Um dos fatores notáveis que destacam a biotecnologia dentre as ciências é a velocidade com que avança, sempre a passos largos e sem parar. E com as tecnologias de sequenciamento de DNA não tem sido diferente, você pode conhecer o começo dessa história no excelente texto de Larissa Fonseca: A história do sequenciamento de DNA: ao infinito e além.
Em relação ao caminhar das tecnologias de sequenciamento, podemos dizer que passamos até então por quatro gerações, a começar nos anos 70, com o sequenciamento de Sanger em gel eletroforético.
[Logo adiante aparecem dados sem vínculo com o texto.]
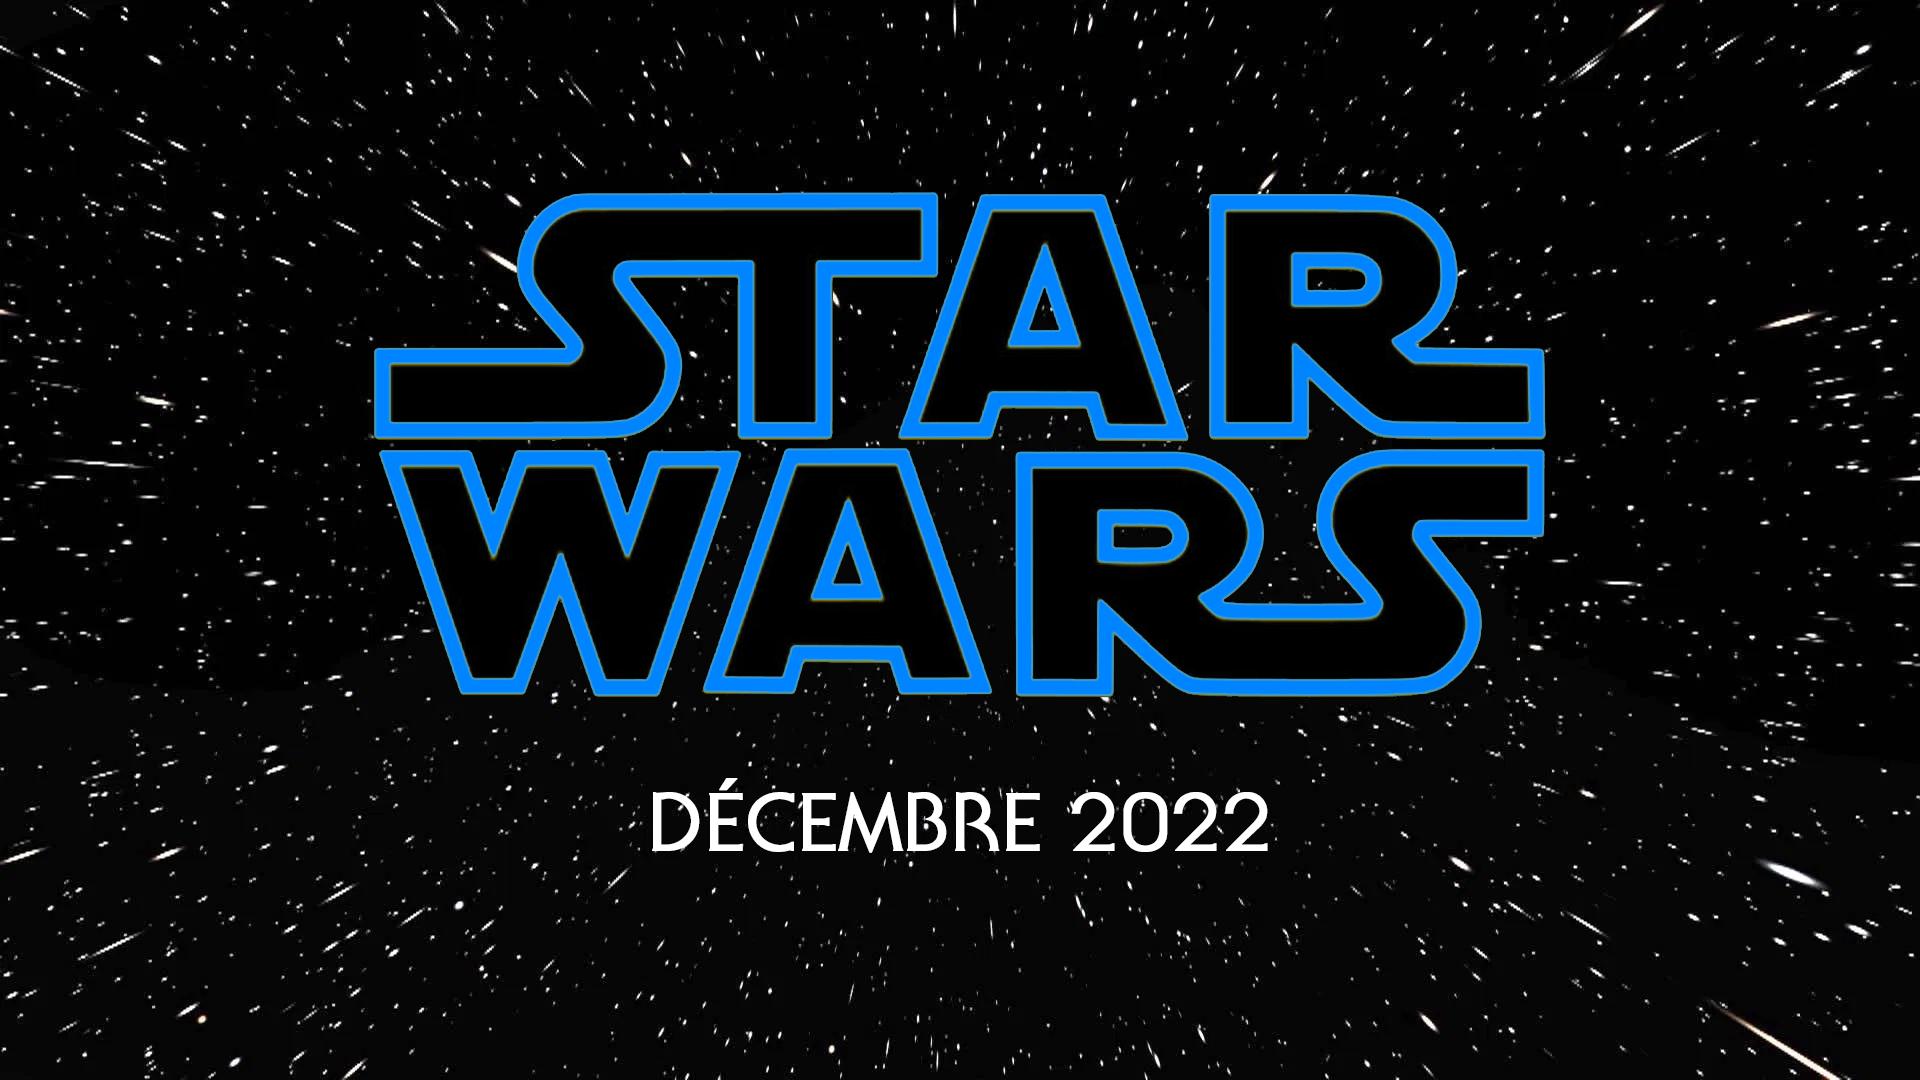 Star Wars 2022

1ª Geração: Sanger e Sanger automatizado
Apesar de ser uma das primeira técnicas de sequenciamento de DNA, o método de sequenciamento de Sanger é utilizado até hoje, de forma automatizada, como proposto pela primeira vez em 1986 pela empresa Applied Biosystems.
Resumidamente, o método de sequenciamento automatizado de Sanger consiste na incorporação de nucleotídeos modificados que interrompem a polimerização em uma reação de PCR. Esses nucleotídeos modificados, os ddNTP, também são fluorescentes, o que permite que a leitura das emissões dos fragmentos marcados, em diferentes cores, de modo que façam inferência para as posições das bases ao longo do sequenciamento.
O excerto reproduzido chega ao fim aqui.